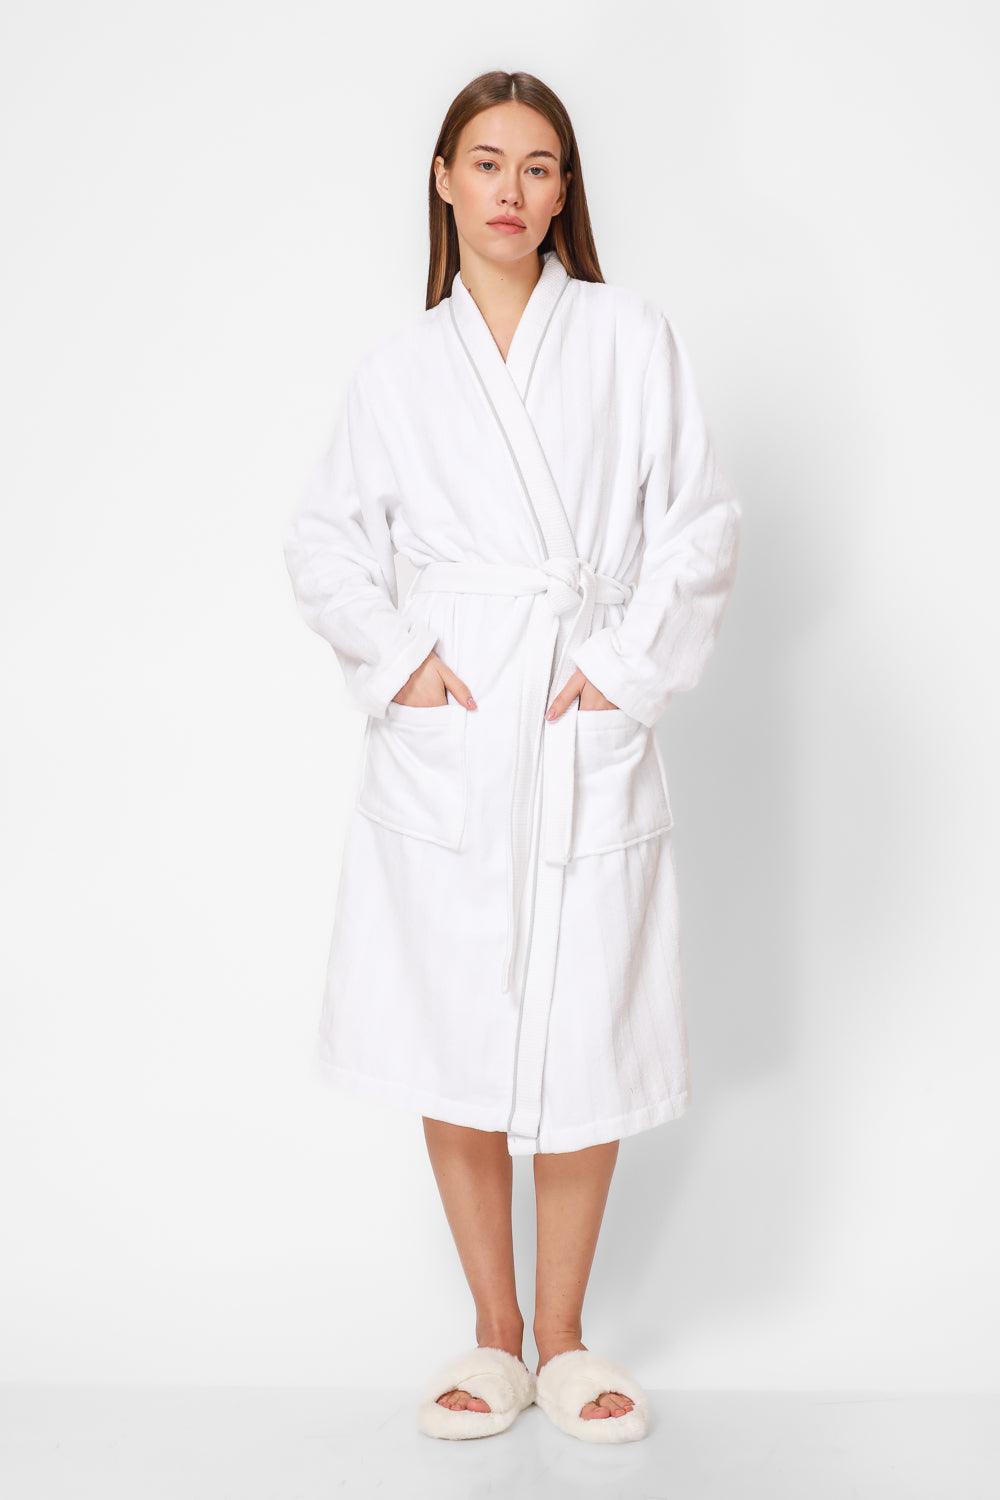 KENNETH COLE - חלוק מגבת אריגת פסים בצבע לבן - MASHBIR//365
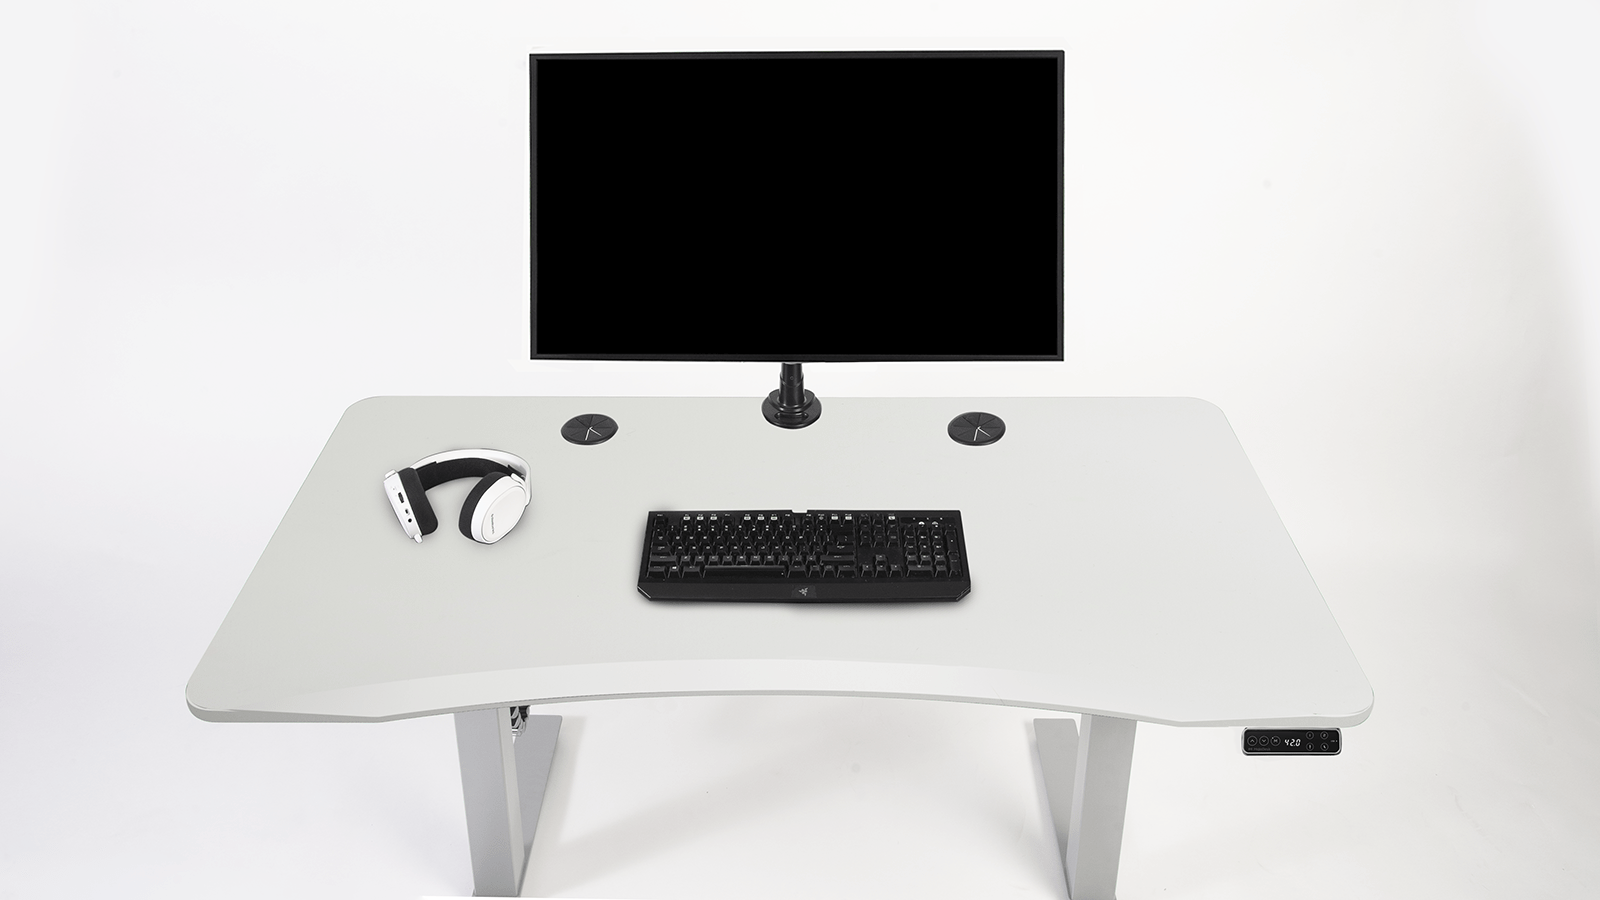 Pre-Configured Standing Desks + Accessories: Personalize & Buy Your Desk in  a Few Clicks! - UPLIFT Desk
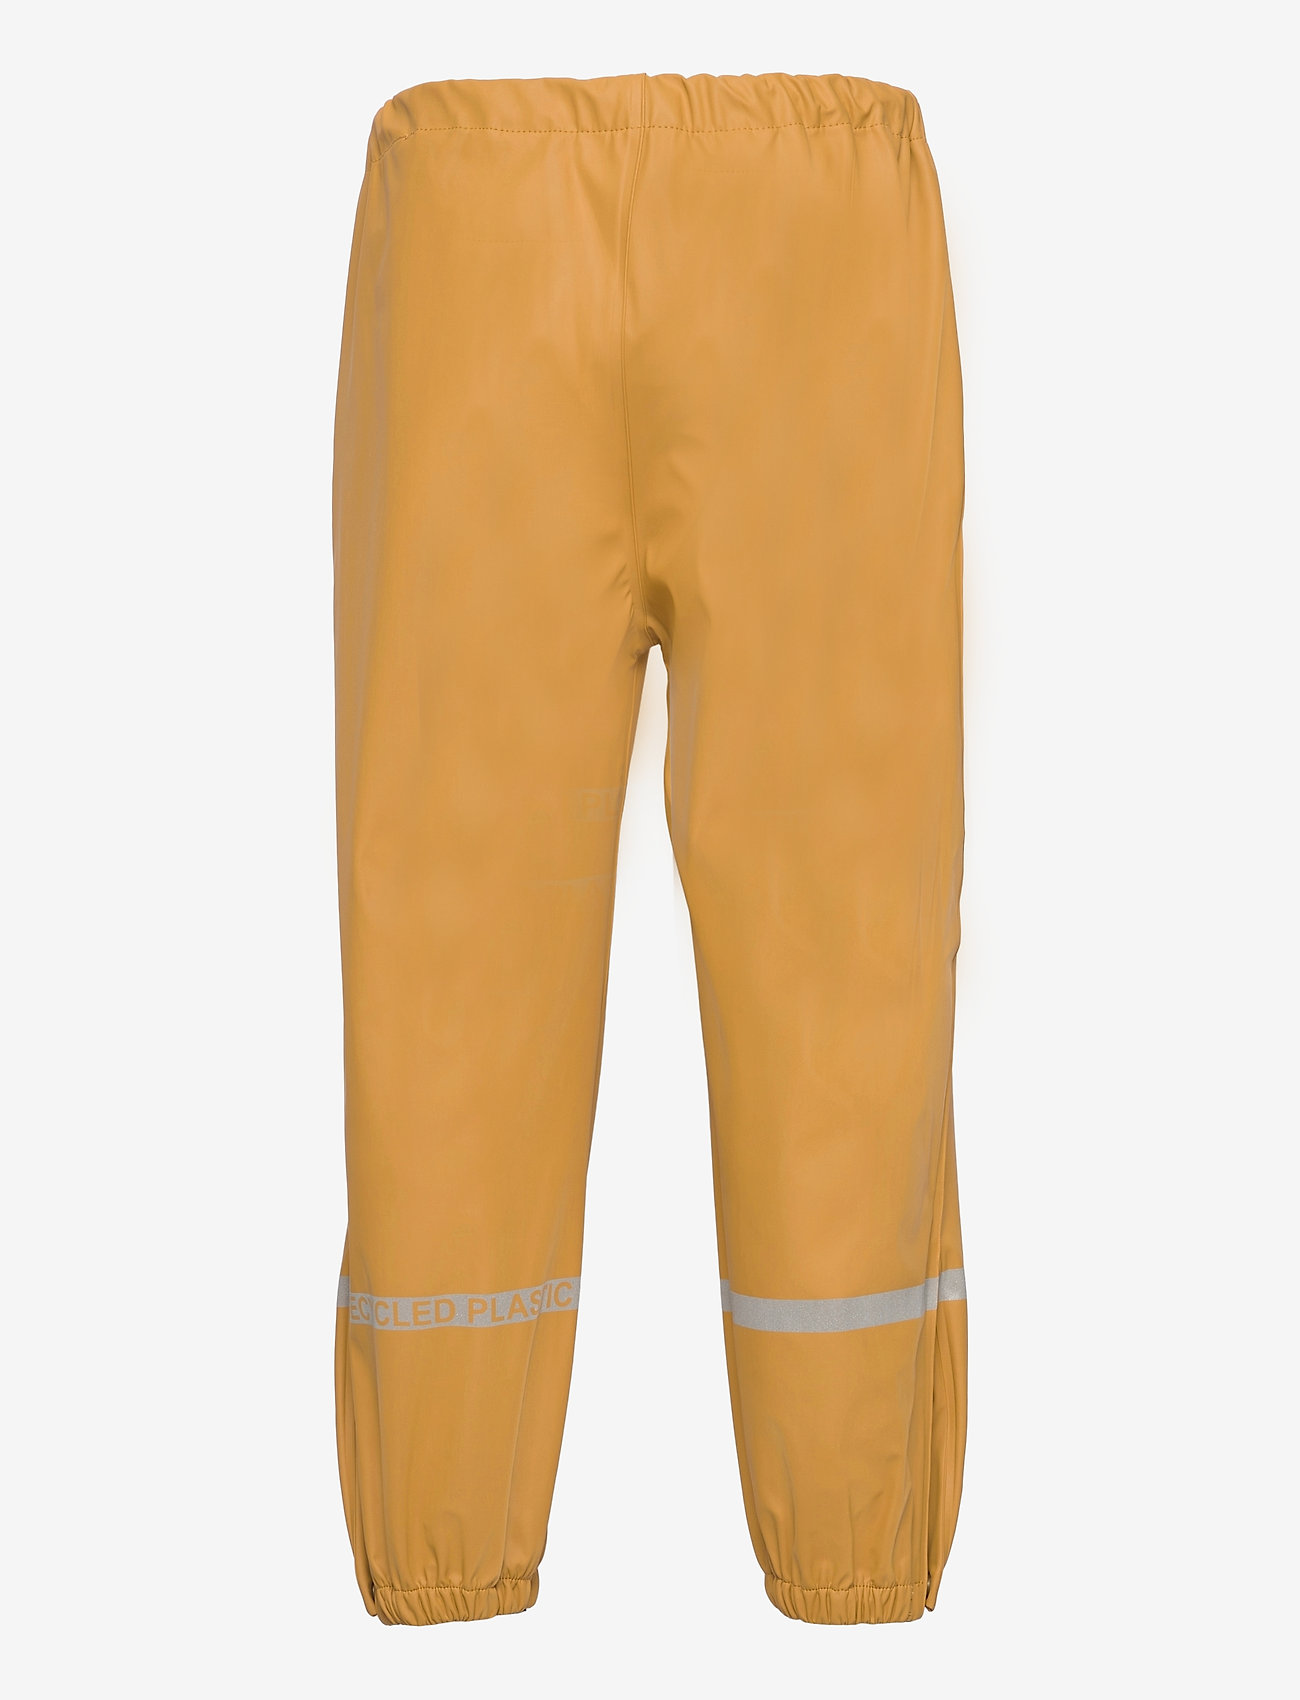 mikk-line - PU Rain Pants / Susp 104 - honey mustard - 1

• **What you need to do**:
What is needed is a word-for-word copy of the data above, free of any images.

• **Task answer**:
 KENNETH COLE - חלוק מגבת אריגת פסים בצבע לבן - MASHBIR//365
 Pre-Configured Standing Desks + Accessories: Personalize & Buy Your Desk in  a Few Clicks! - UPLIFT Desk
 mikk-line - PU Rain Pants / Susp 104 - honey mustard - 1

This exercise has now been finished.